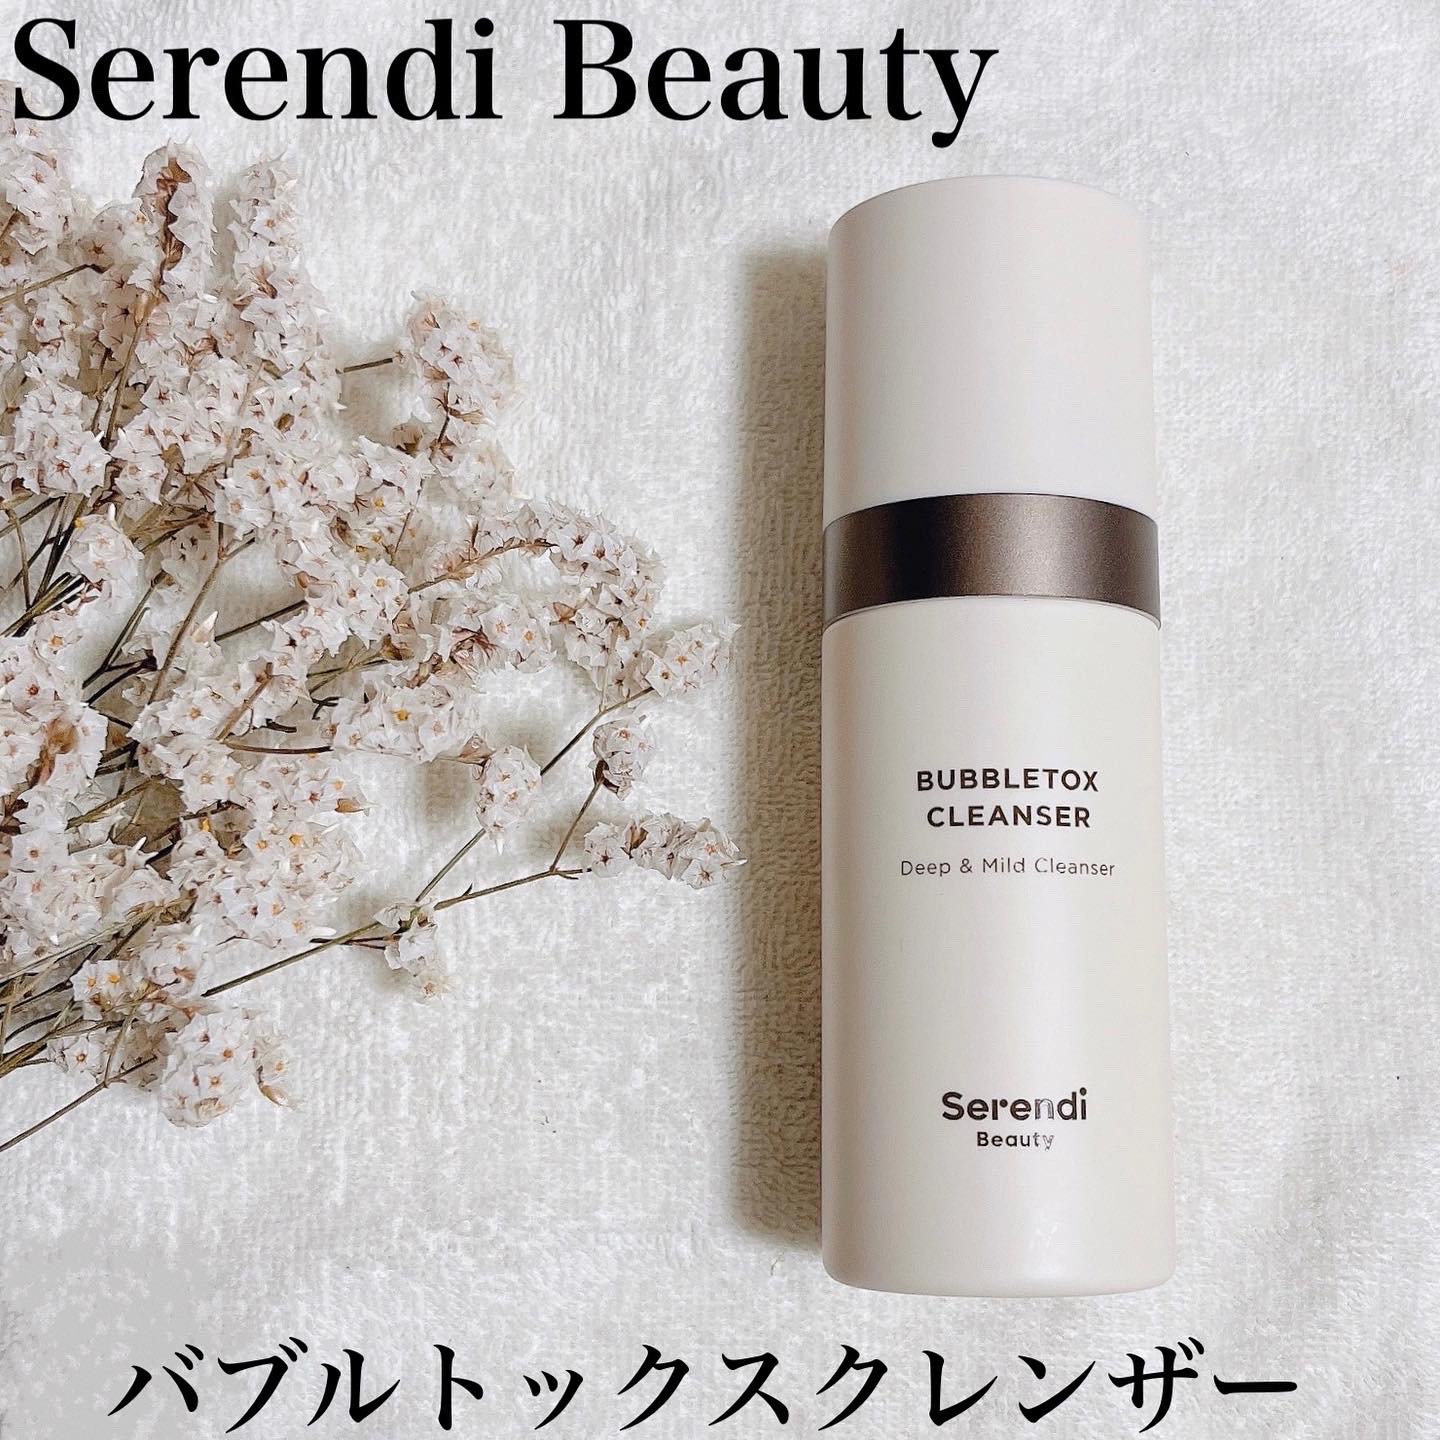 SERENDI BEAUTY / BUBBLE TOX CLEANSERの公式商品情報｜美容・化粧品 ...
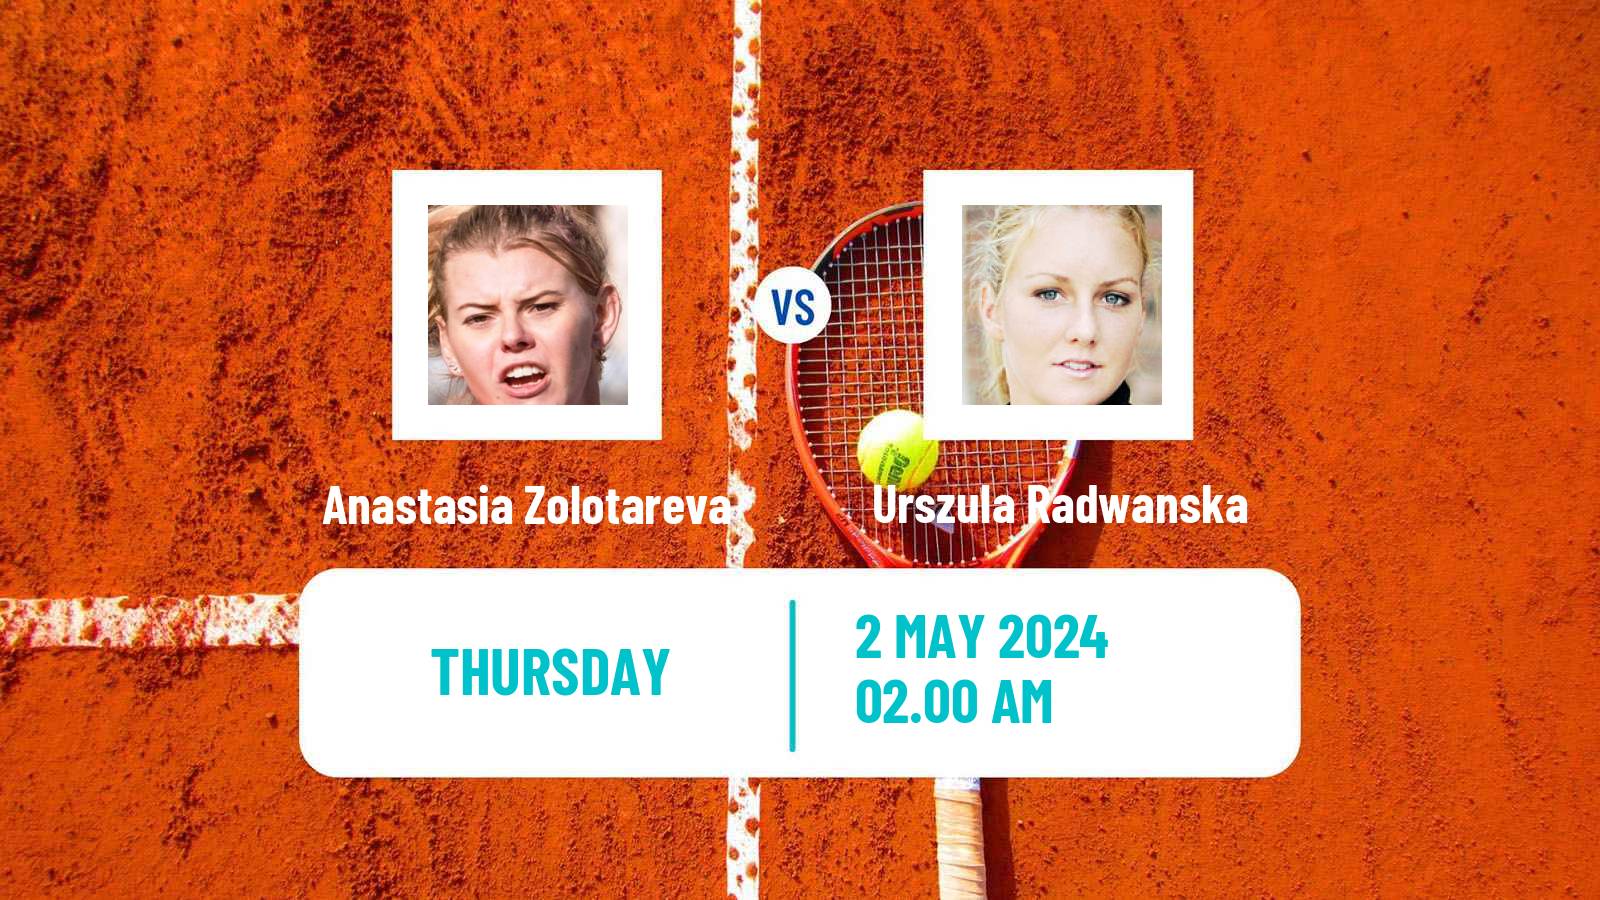 Tennis ITF W50 Lopota 2 Women Anastasia Zolotareva - Urszula Radwanska
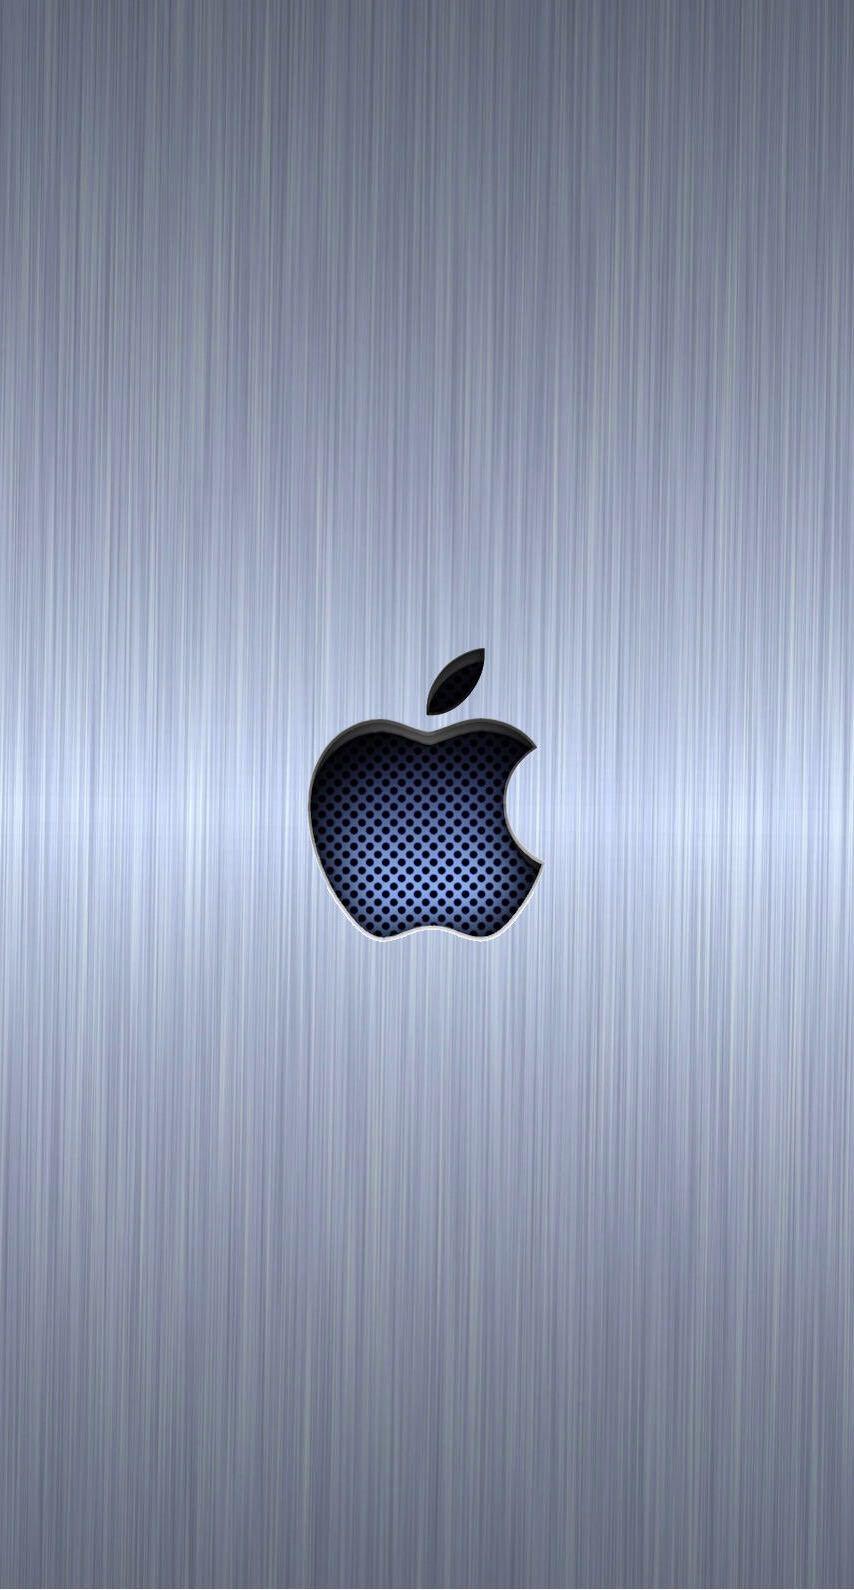 Apple logo cool blue silver. wallpaper.sc iPhone6s. Apple

○ ○ ○

** ACTION ITEM **
In your copy of the listing, please omit the pictures and keep every word exact.

** OUTPUT BELOW **
 SERENDI BEAUTY / BUBBLE TOX CLEANSERの公式商品情報｜美容・化粧品 ...
 Tennis ITF W50 Lopota 2 Women Anastasia Zolotareva - Urszula Radwanska
 Apple logo cool blue silver. wallpaper.sc iPhone6s. Apple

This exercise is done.